Beau texte, criant de vérité.
Desjardins Carmen dit
Que tu écris bien ma belle Julie. À toi et à toute la famille mes bonnes salutations.
On vous aime A chacun
Tante Helen dit
Oh Merci Julie❣️
Tu as tellement raison
Moi qui fait partit de cette race qui a un cell ou une tablette toujours pas loin pour y répondre ou communiquer à mon tour.
Chez nous dans ma belle grande famille ,une fois par année que je demande de laisser nos électroniques de côté .

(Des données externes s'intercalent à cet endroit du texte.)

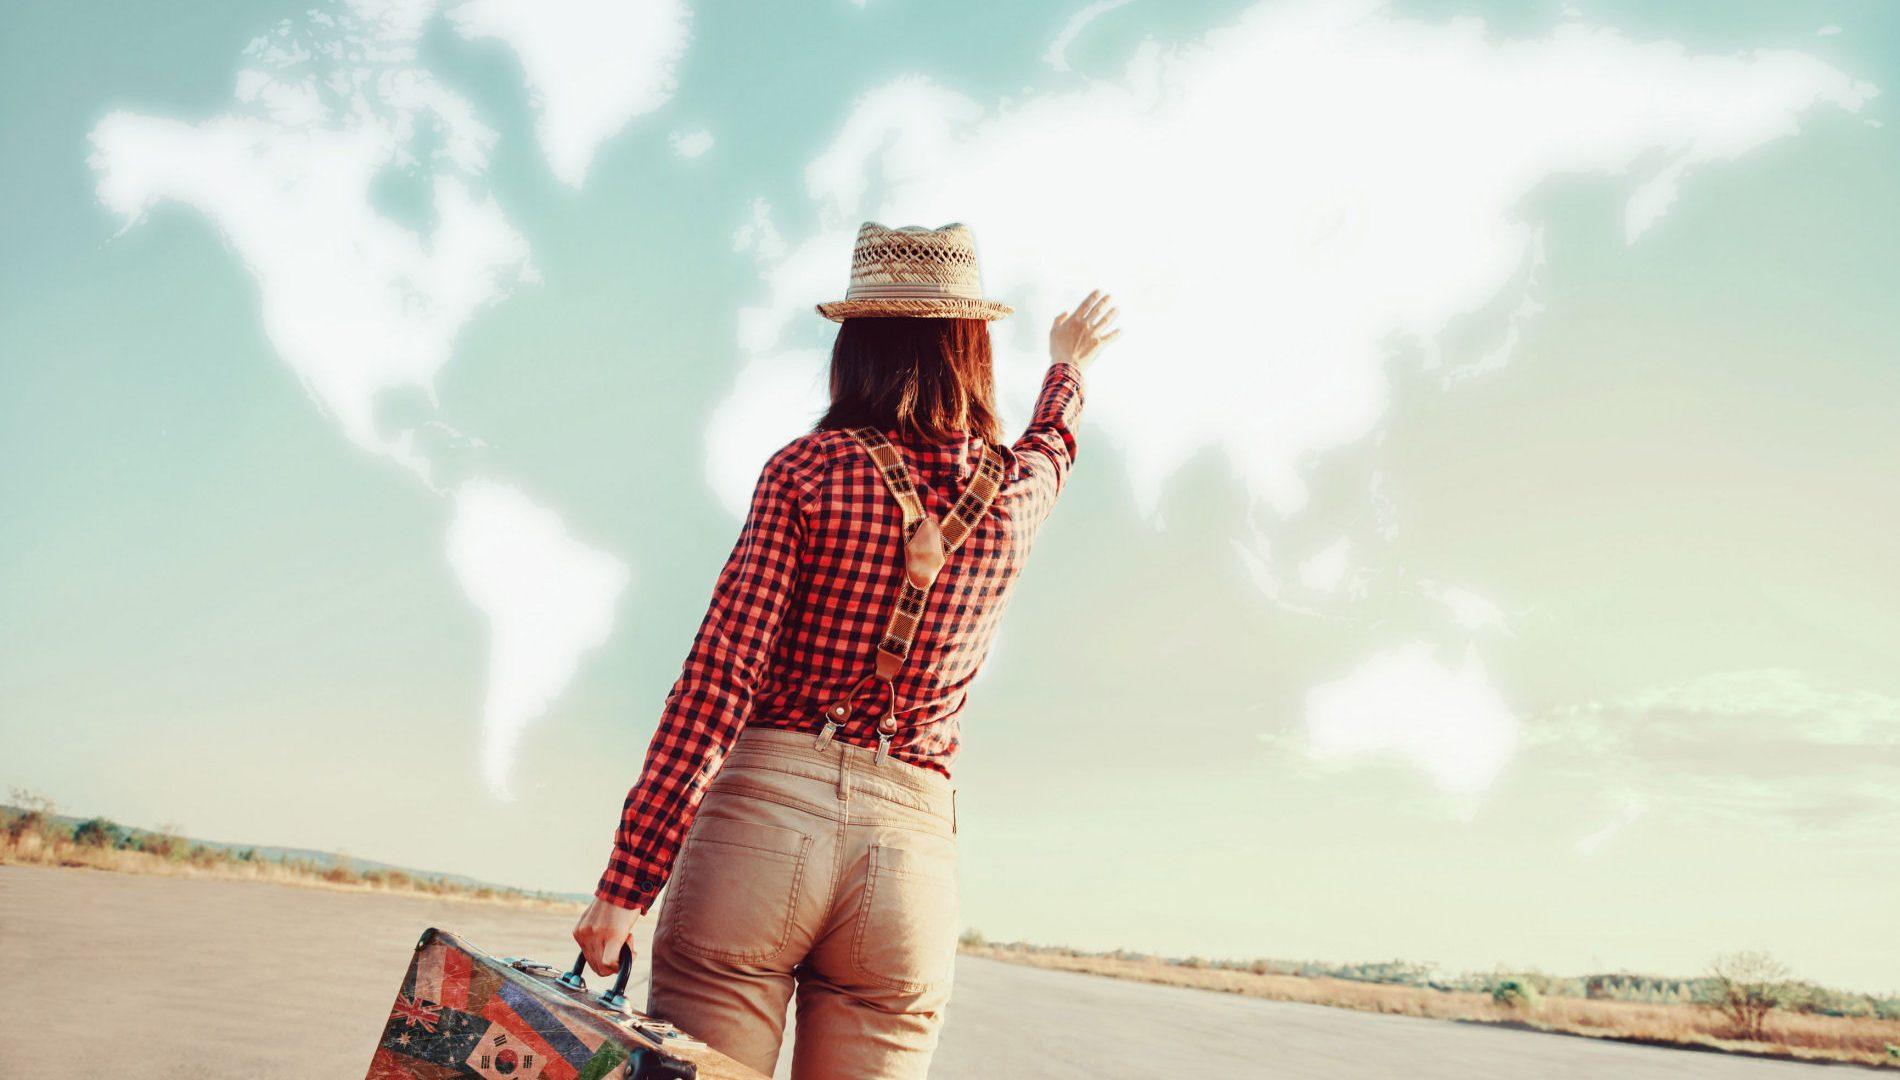 luigia viaggiare

Habituellement les enfants se soumettre très bien ,s’il y en a un qui fait faux bond ?c’est l’autre enfant qui l’avise.
Mais cette année ou a été ma déception ?
Ça été les adultes .je nomerais personnes pour ne pas offenser les gens concernés .
Mais ça m’à vraiment offensee,découragée,insultée,quoi dire de plus écœurée,
Je sais pas quoi ajouter sauf que je suis en amour avec les enfants et leur cœurs.❣️
Essayons de revenir à l ‘essentiel .se parler vraiment .
Moi aussi même comme adulte je reçois ce message ;nous ne sommes pas assez important pour que tu nous accorde vraiment une journée de l’année .sans ton fichu de cell,reste avec nous juste une fois de temps en temps .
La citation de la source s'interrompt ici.